可能是错觉,白中元看到一滴眼泪飞出了窗外。
「时间,可能会改变一切吧。」白中元心里很不舒服,说不清道不明,大致跟那滴眼泪有关吧。
「我相信。」
许琳笑了,眸子里闪烁着坚定的光芒。
……
白中元始终没有弄明白一件事情,夜店到底有着怎样的魅力可以让人在大年初一的晚上聚集到了这里。
「因为这里的躁动。」许琳指指胸口,打开了车门。
「有时间的话,你可以考虑跟我的主治医生见见面,或许你们会有共同语言。」想到佟楠,白中元的心情平復了下来。
「很期待。

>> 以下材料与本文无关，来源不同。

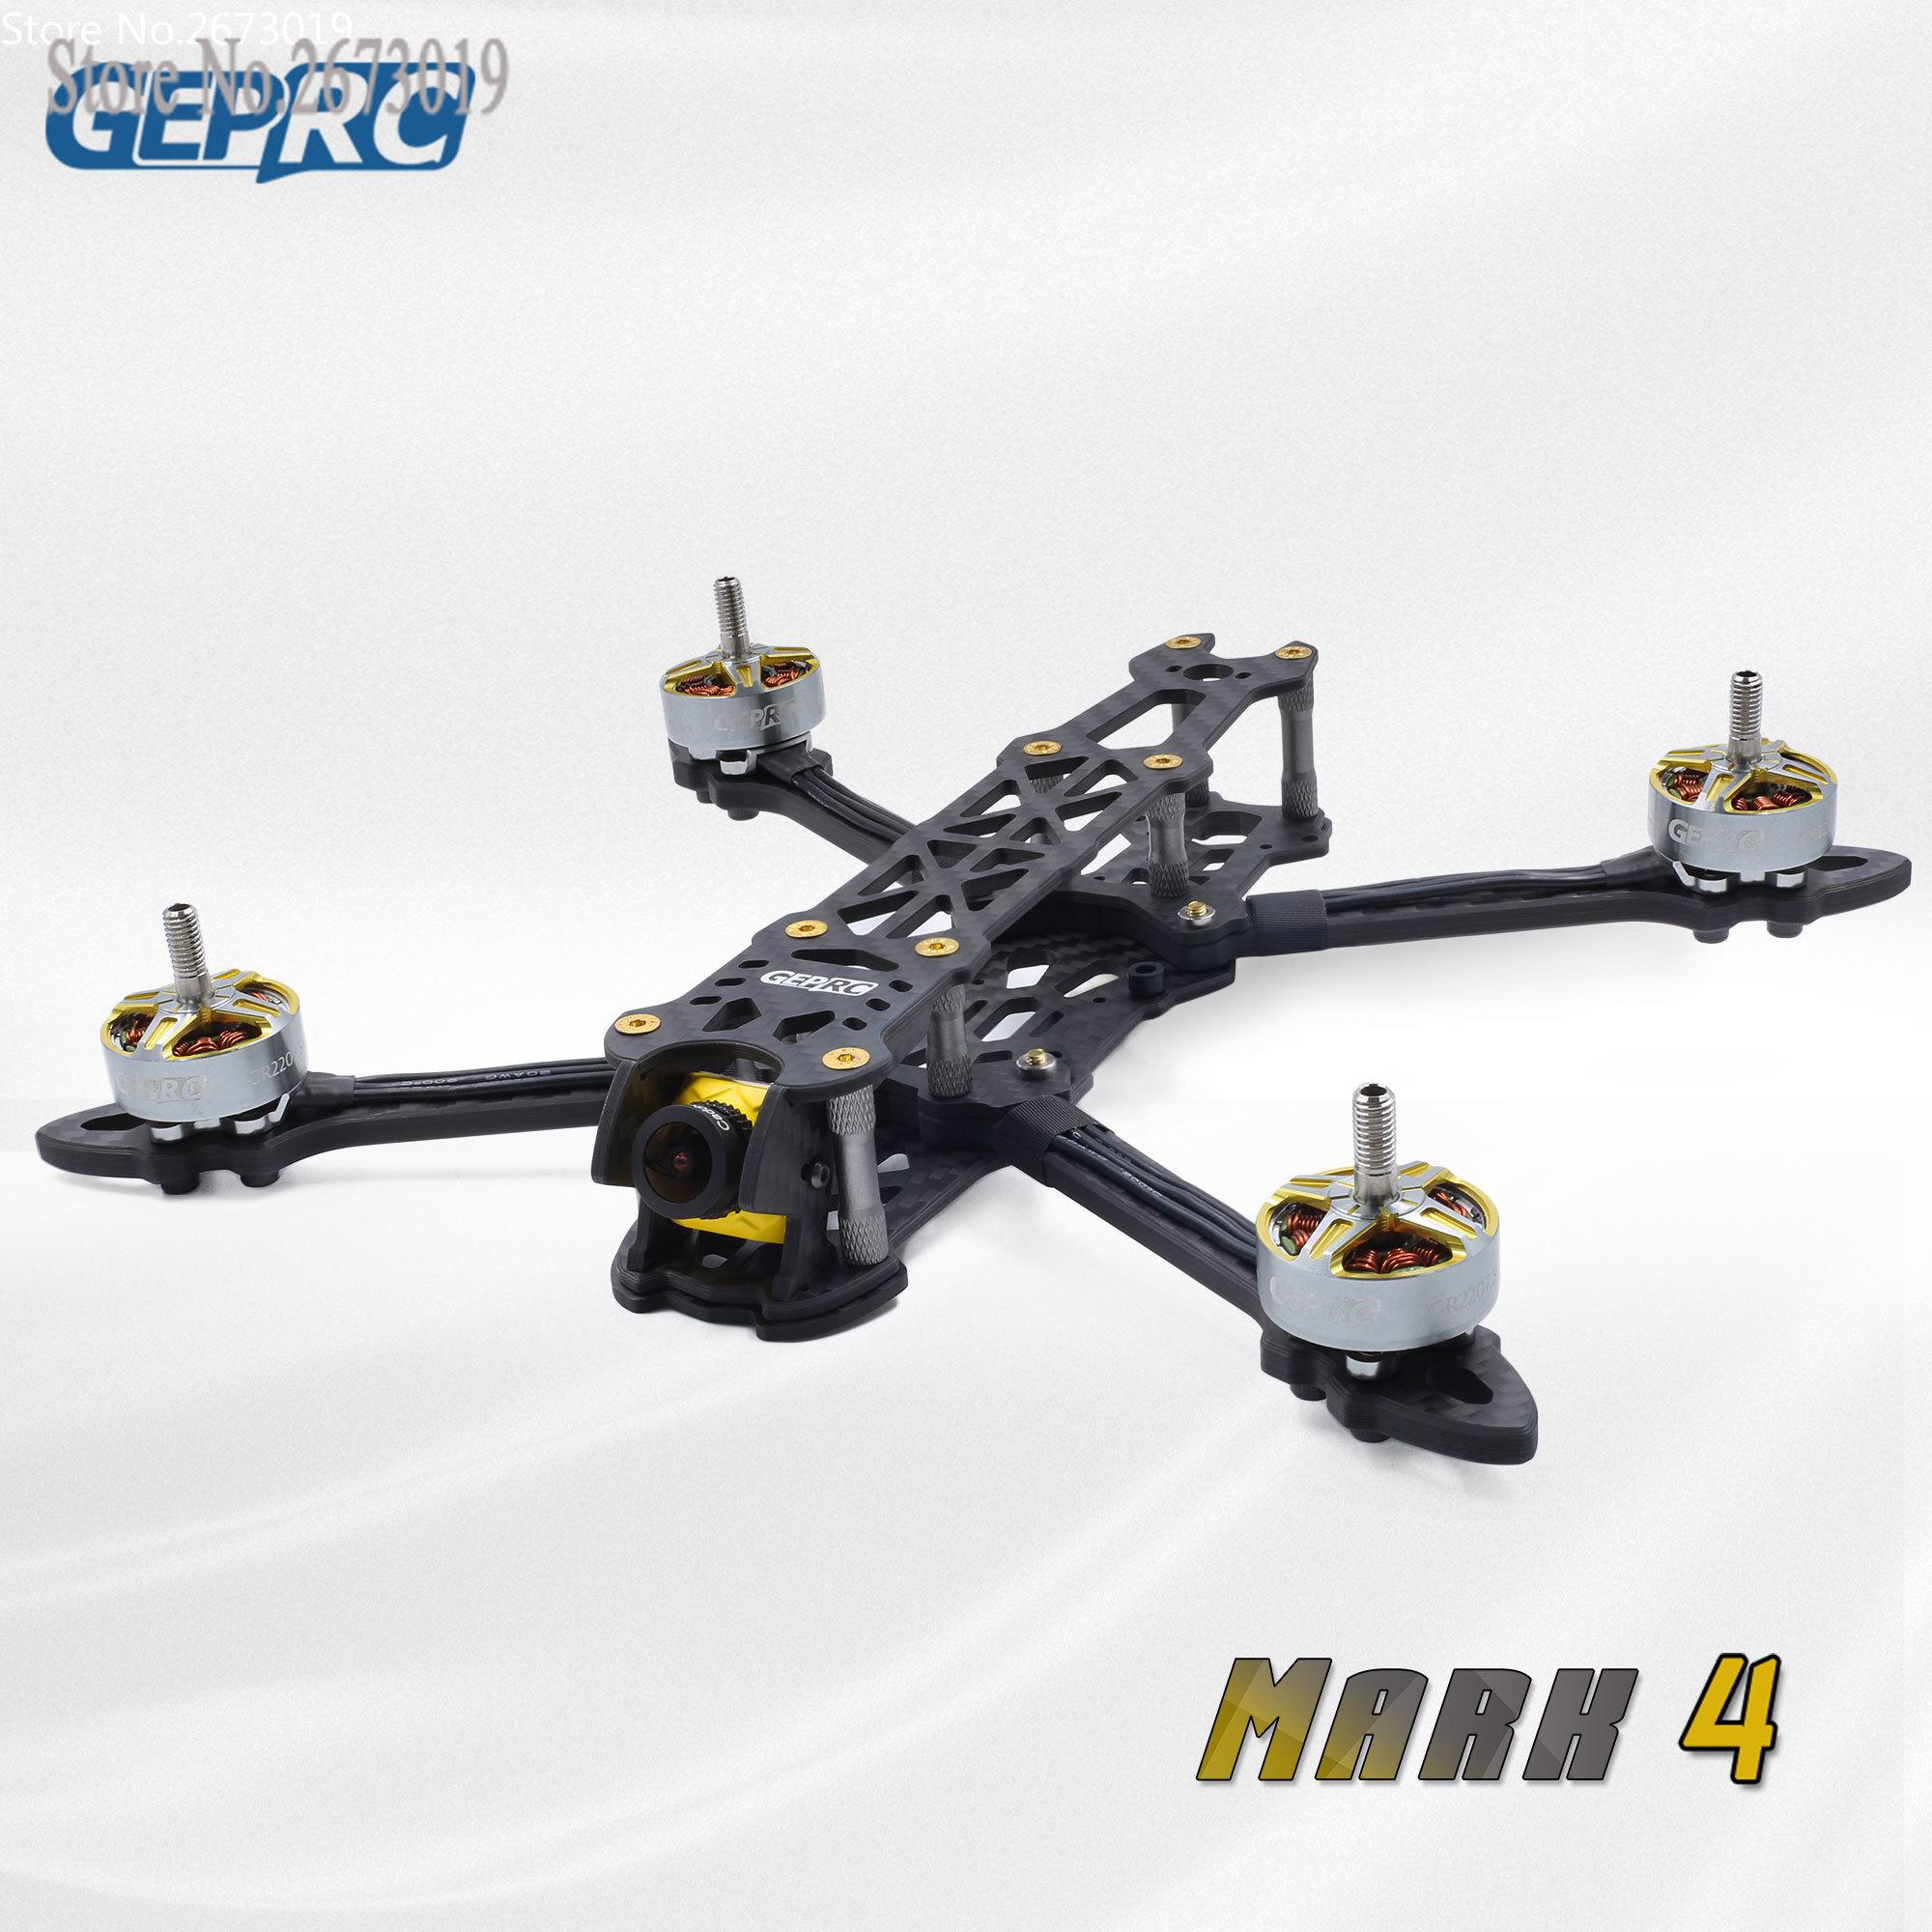 Рама для гоночного дрона GEPRC Mark 4 FPV, 5 /6/7 , рама для квадрокоптера 5 мм, кронштейн с крепежными отверстиями 30,5*30,5/20*20 мм для FC
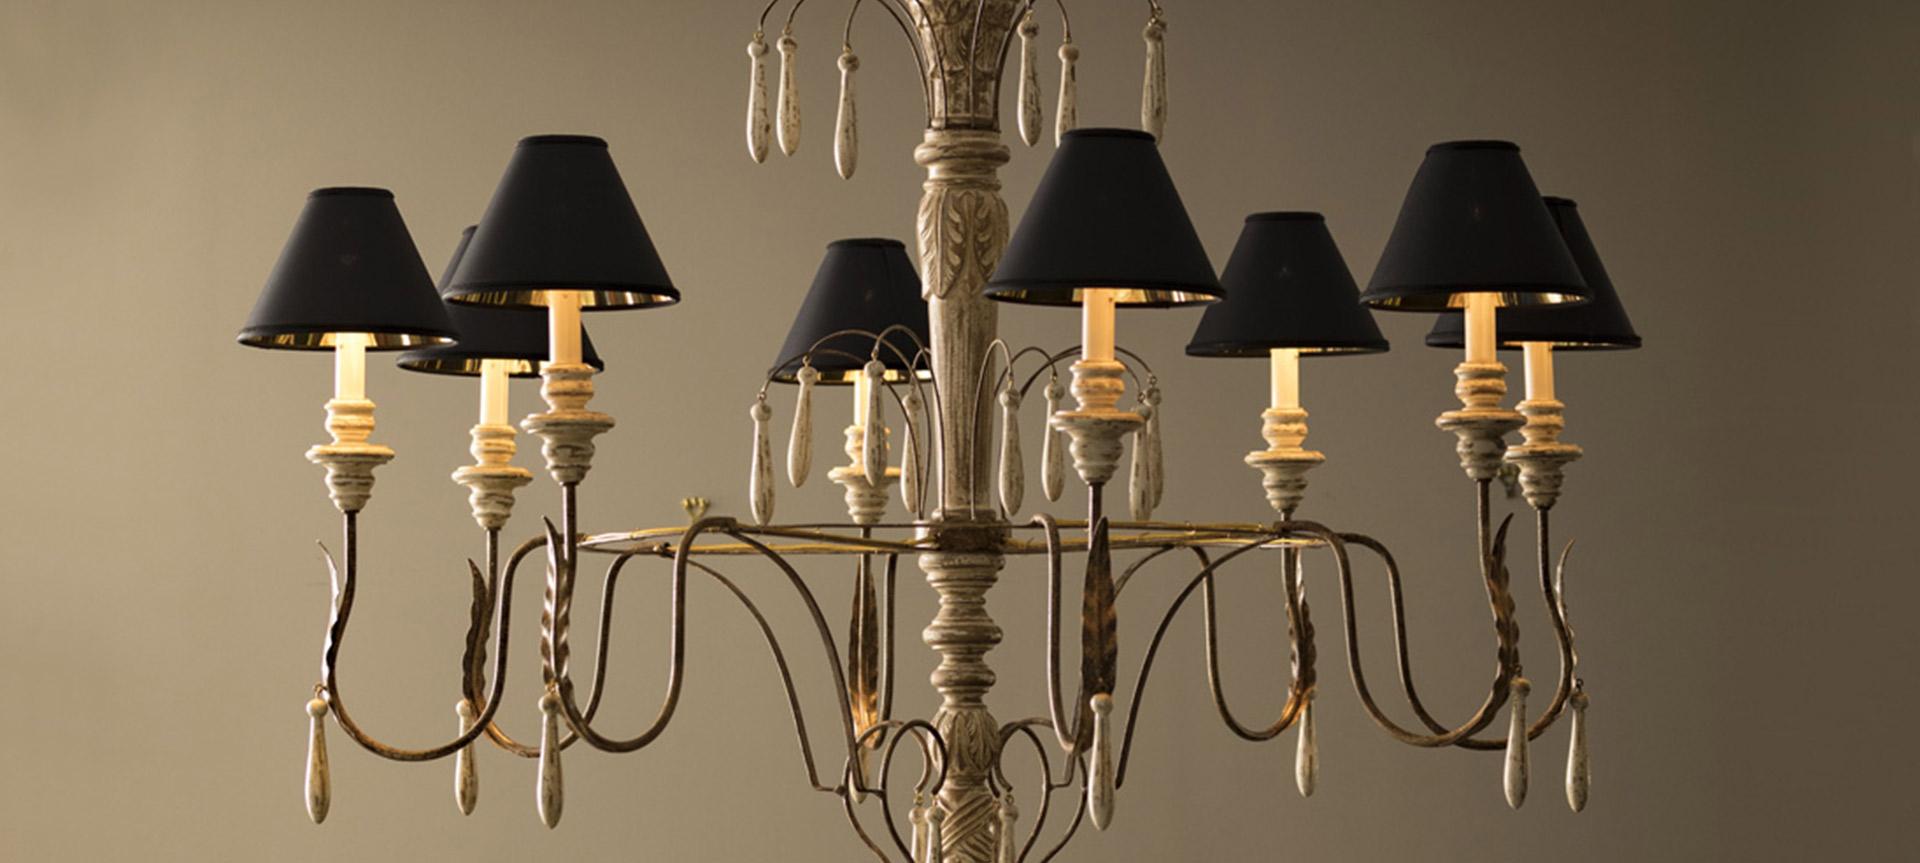 Decorative Crafts Lighting

」
「女人最了解女人,你觉得唐知秋是个什么样的人?」既然是为了她而来,白中元自然是要问清楚的。
「不知道。」许琳摇头,「或许如周然一样认真、或许如小雨一样单纯、或许如马雅一般狠毒、也或许如我一样……」
「什么?」
「你猜呢?」许琳不答反问,眼底划过一抹黯然。
「你活得太累,一点儿都不洒脱。」
「你何尝不是一样?」
「进去吧。」白中元不想斗嘴,尤其是在明知道没有胜算的情况下。
如同前几次一样,夜色依旧人声鼎沸,似乎丝毫没有受到之前案件的影响。而这也说明了一点,唐知秋这个人的确很有本事,要知道夜店闹出人命可是极为敏感和晦气的,没几把刷子很难恢復往日的鼎盛。
店里换了一批人,至少白中元没有再看到哪怕一张熟悉的面孔。
「停业整顿的那段时间,我听说里面的人从上到下几乎换了个遍,尤其是安保这块,全部都是退役军人。」
「这样挺好。」白中元很欣赏唐知秋的思路,「安保力量更强,同时也能给相关管理部门留下好印象,一举两得。」
「你好像非常推崇唐知秋这个人?」许琳话里似乎藏着些别的东西。
白中元没有听出来,而是认可的点头:「有能力的人,就应该值得推崇。」
「什么能力?」许琳针锋相对,「犯罪的能力吗?」
「没有证据,最好还是不要说这样的话。」白中元依旧在自己的思维里。
「证据都是挖出来的,从来不会主动浮现于眼前。」
「你是不是知道了什么?」白中元回过了神来。
「到时候你就知道了。」
「别,现在就说。」白中元紧追两步来到了吧檯。
酒当然是不能喝的,果汁还是可以的,绞尽脑汁回忆起许琳的口味,白中元总算在她脸上看到了些笑容。
「你知道唐知秋今晚会在,是不是也知道了些别的东西?」
「当然。」
「到底是什么?」
「如果消息可靠,今晚将会狩到猎物。」
「那条线上的?」
「替楚六指卖过命,给了唐知秋投名状,而且很可能就是之前袭击我的人。」
「当真?」白中元心里一惊,刚从方言那里获取到了这方面的信息,想不到这么快就要有进展了。
「稍安勿躁,总之今晚会有好戏上演的。」许琳喝口果汁,目光望向了深处。
第十五章 波澜再起
这个世界从来都不是公平的,生而平等这句话本身就是带有厚重滤镜的,更多是被普通人拿来自我慰藉罢了。